Some of the most recent vocal-synthesis/processing algorithms are fairly
sophisticated. A few years ago, Yamaha released a plugin that used
vocal physical-modeling technologies to produce a 'virtual chorus' around
a single sung melody. The only example I know of is this cut from
Porcupine Tree's release The Incident:
A Few Random Effects
Compression is used a lot in production, but not heavily in synthesis
(except for hugely-compressed dub-step/techno/edm stuff). It essentially
tries to keep the level of the program material constant, lowering it when
it gets loud and raising it when it gets soft. It tends to add an aura
of "excitement" or immediacy to the sound. A lot of radio stations
go berserk with this on everything they broadcast. This cut by
Peter Gabriel is one of the more interesting uses I've heard:
The cymbals, especially.
Here's a cute use of tremolo, rapid amplitude fluctuation, but at
LFO rates so it doesn't turn into AM:
I love the wide split on the tremolo-ed guitars in the chorus, also
synced with the 9/8 tempo. This is also by Peter Gabriel, do you know
where it's from? :-)
Trent Reznor uses a compression-like effect in this one:
This is from The Downward Spiral, and his increase of the
noise underlying the vocals along with a subsequent decrease in the
vocal track amplitude makes it sound like the noise is taking over.
Sounds
Sometimes I really go for a piece because of one specific sound
in it. Check out the "solo" instrument sound by this cut from
Los Lobos' CD This Time:
The main passage featuring it starts at time 1:58 (and again at 2:30).
Mitchell Froom
produced this, and the guy is a genius at constructing weird sounds.
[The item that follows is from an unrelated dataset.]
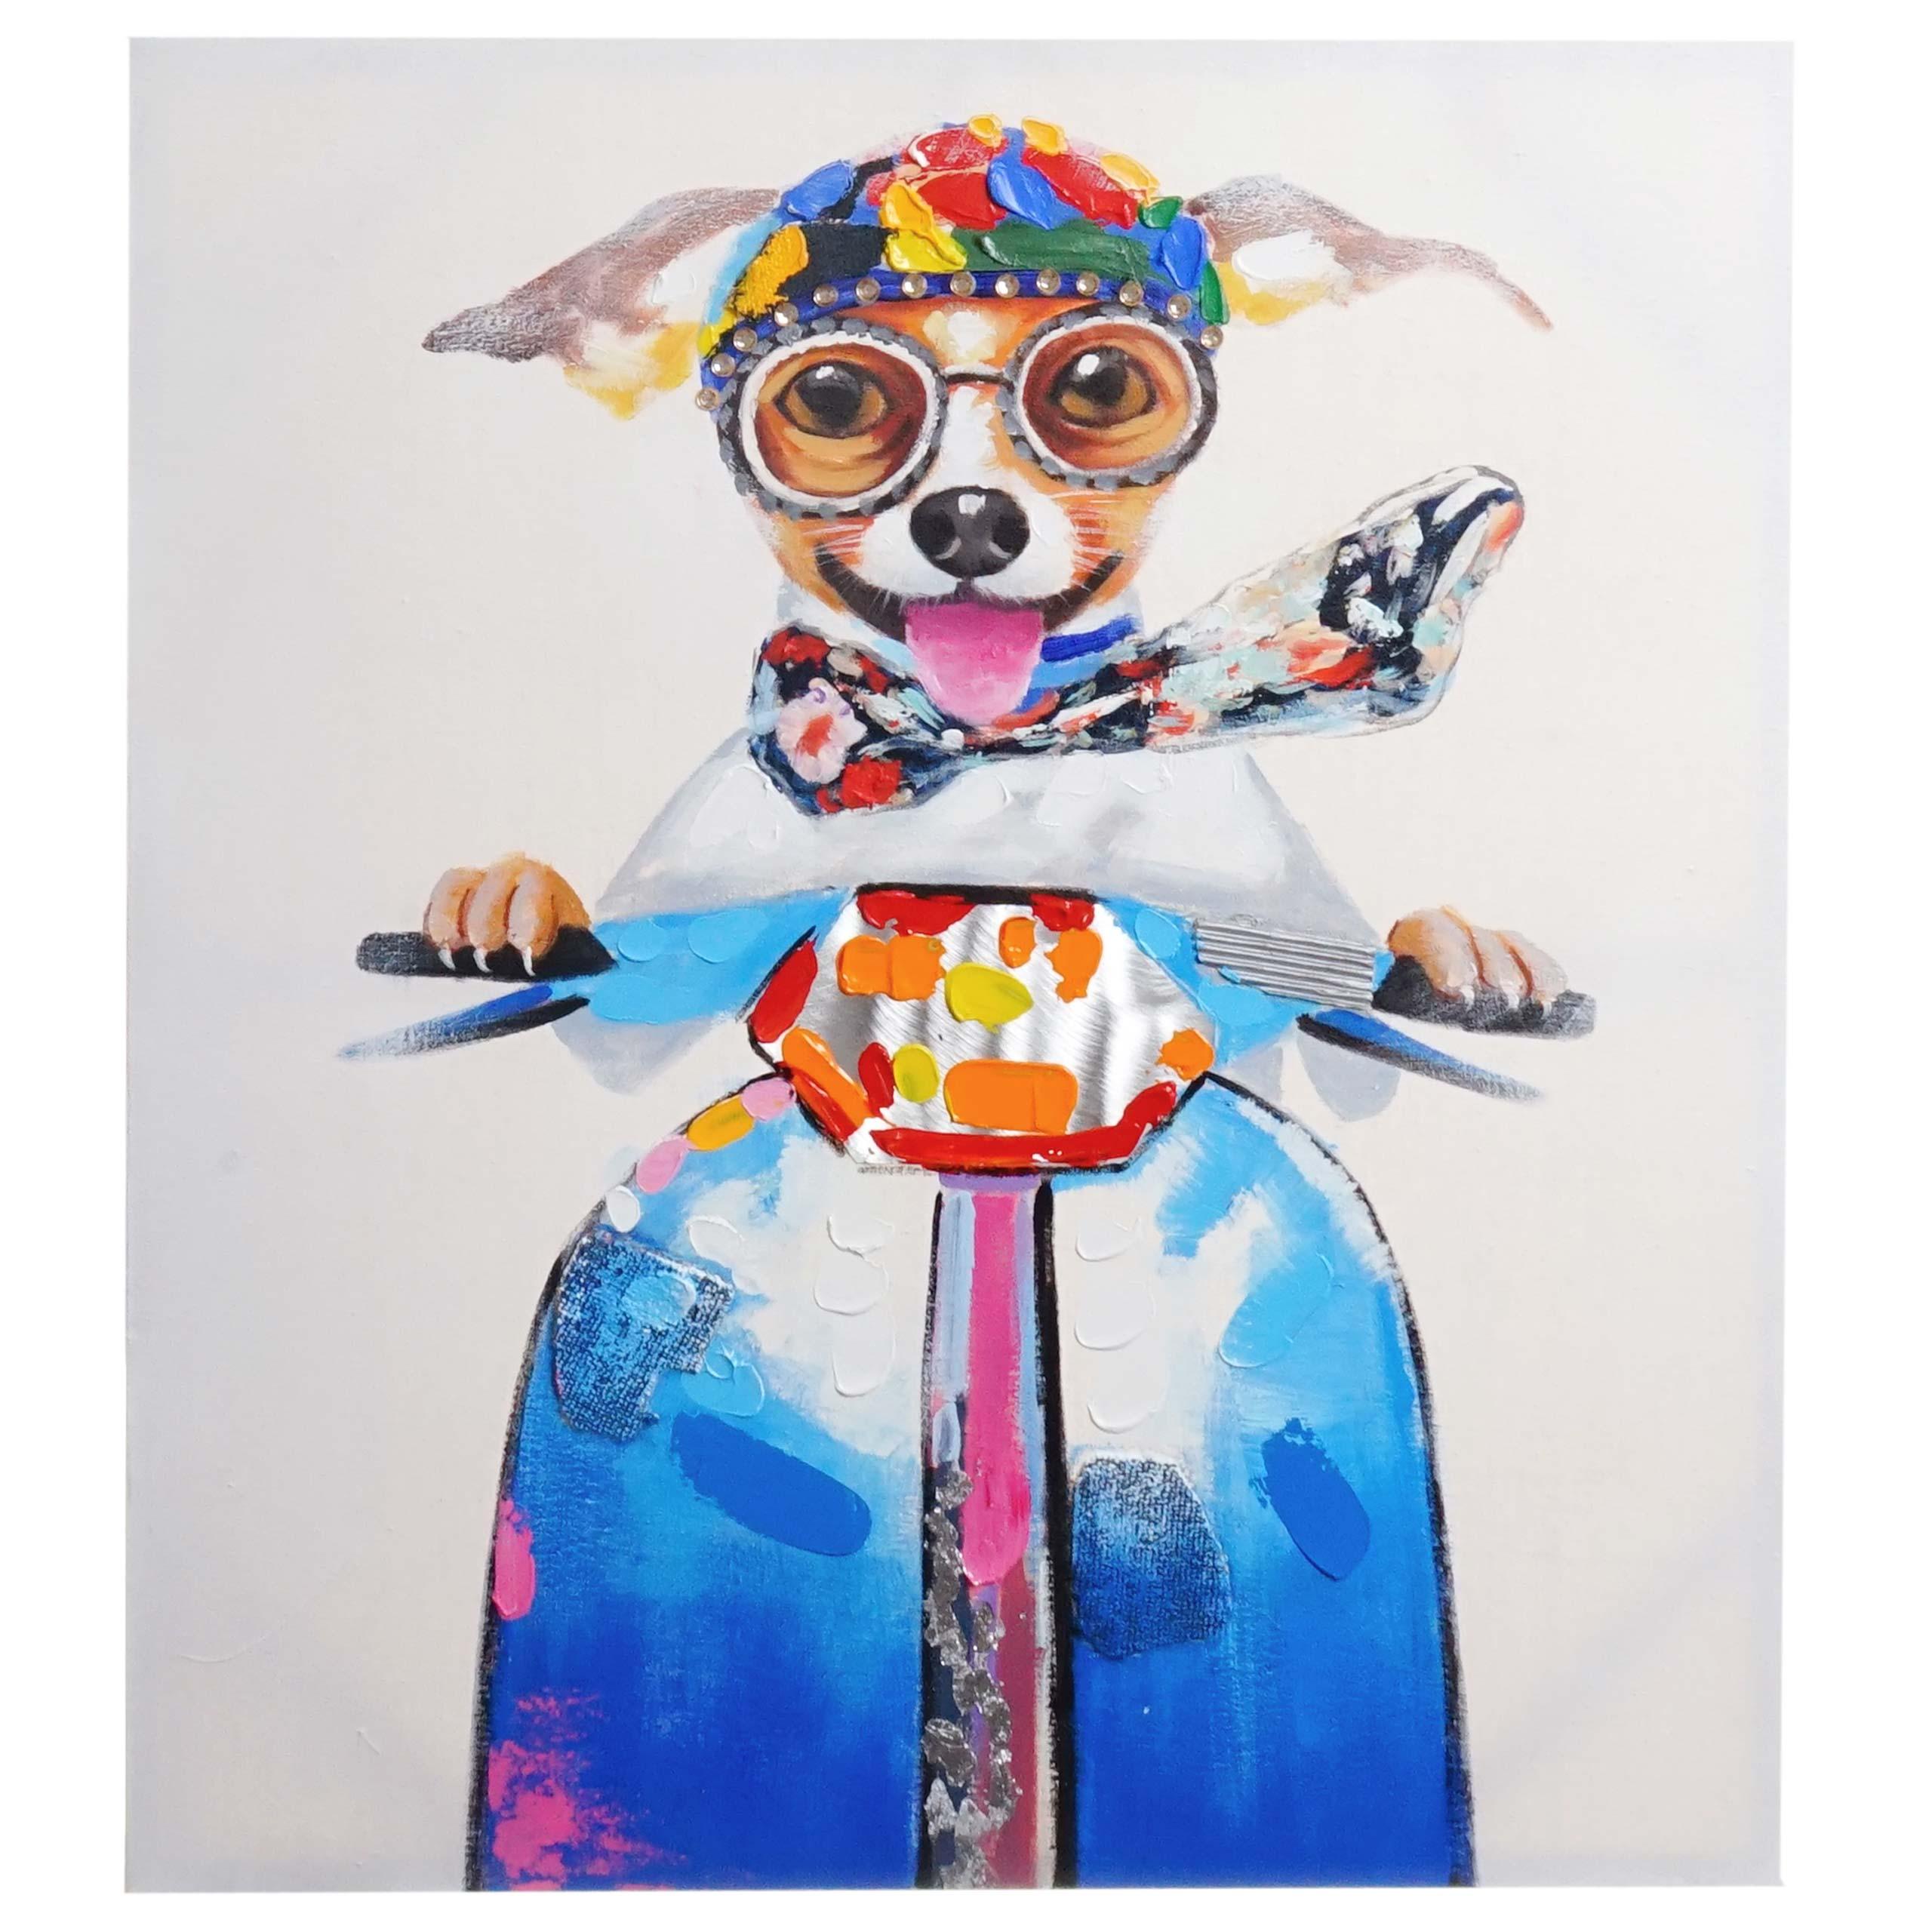 Mendler Ölgemälde Hund, 100% handgemaltes Wandbild 3D-Bild Gemälde XL, 100x90cm ~ Variantenangebot 44750

I'm not sure exactly how this one was made.
Another solo instrument is from the soundtrack to the American version of
the movie Traffic by the production duo Kruder and Dorfmeister:
The sound I mean is towards the end, starting at 4:03. I think it's a
brass physical model synthesis algorithm, but not 100% sure.
I also love the sound that travels underneath this cut by How to
Destroy Angels (Trent Reznor, again, with his wife and a few others):
It swells towards the end startting at time 4:55. Again
I think it's a physical
model of some kind, but it could be FM or something run through a
distortion unit. I like the plucky-thing instrument too.
Overall
Obviously all of these example pieces have a lot of snazzy production
effects going throughout each, and there are many examples I'm not
including here that I use in my "production" lecture. As I said above,
I generally like to hear 'interesting' things unfold, and often this
means presenting new, unique sonic information during the unfolding
of a sound, a phrase, or a piece. The Wendy Carlos Clockwork
Orange example above is a good example of what I mean. All of
Wendy's work has this in operation -- her Switched on Bach
pieces are masterpieces of subtle (and sometimes not-so-subtle)
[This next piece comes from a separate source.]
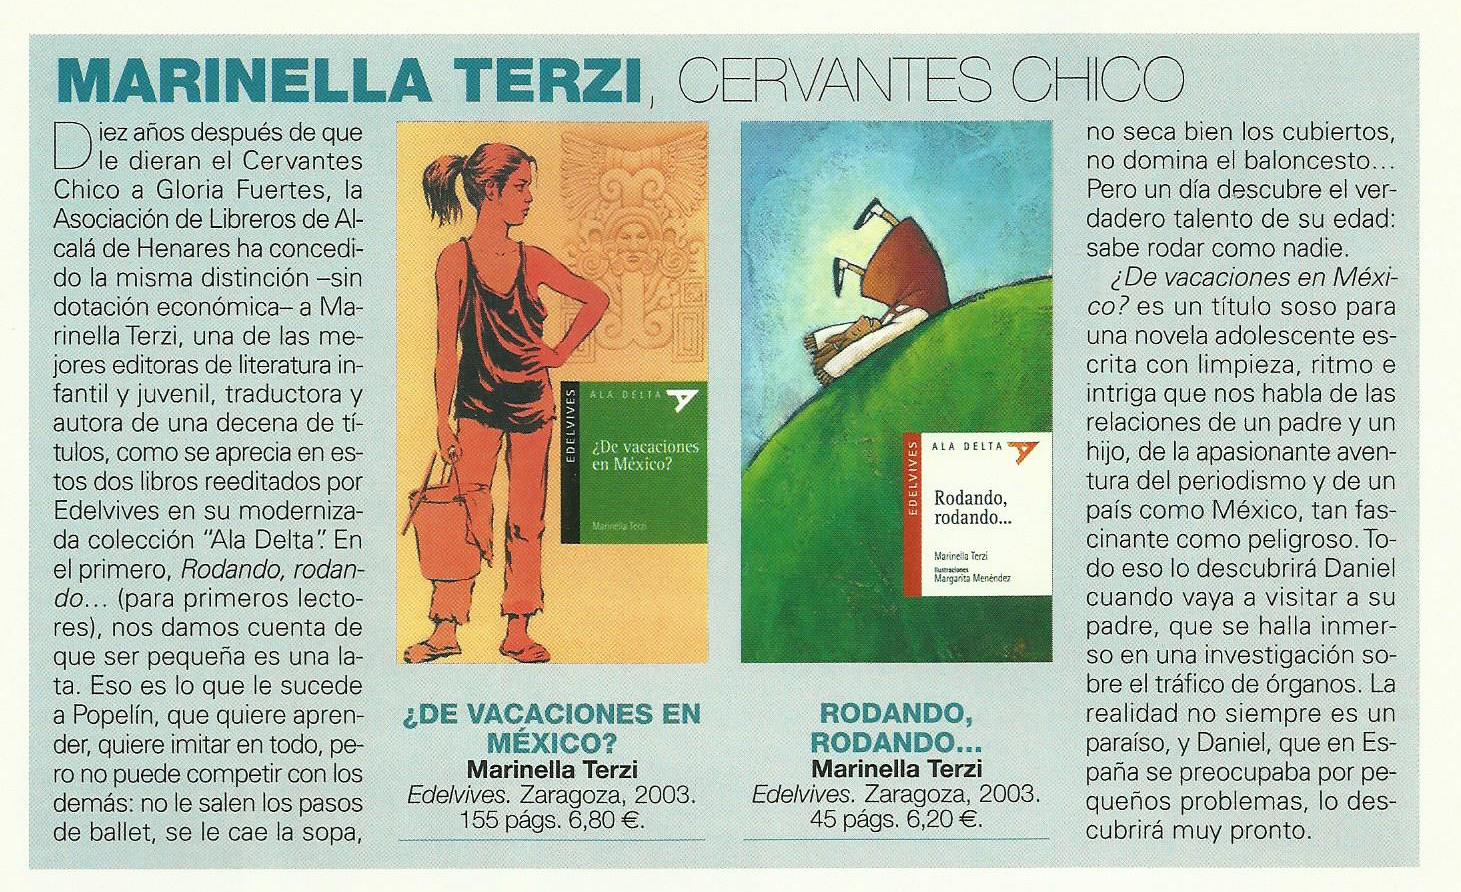 REVISTA-LEER-CERVANTES-CHICO Marinella Terzi

changes to each sound/note during the construction of a piece. Every
phrase of the Bach is split into several different patches,
unfolding as the phrase evolves. A lot of this is necessary to
duplicate the subtle audio alterations that humans make with
"real" instruments -- a violin sound is always evolving as it
is formed.
Along those lines, check out the following piece by Imogen Heap:
What Heap did that was really cool, though, is to include the
instrumental parts only on an extended CD you could download:
She won a Grammy for her engineering/production on this CD. Pretty amazing
to hear all the subtleties she is putting into the backing tracks.
So there you have it -- my "production" lecture in highly compressed(!)
form. I hope it helps with some happy listening. There are many pieces
I haven't included here, and I haven't said everything I normally
say about the ones I have included. More listening ahead!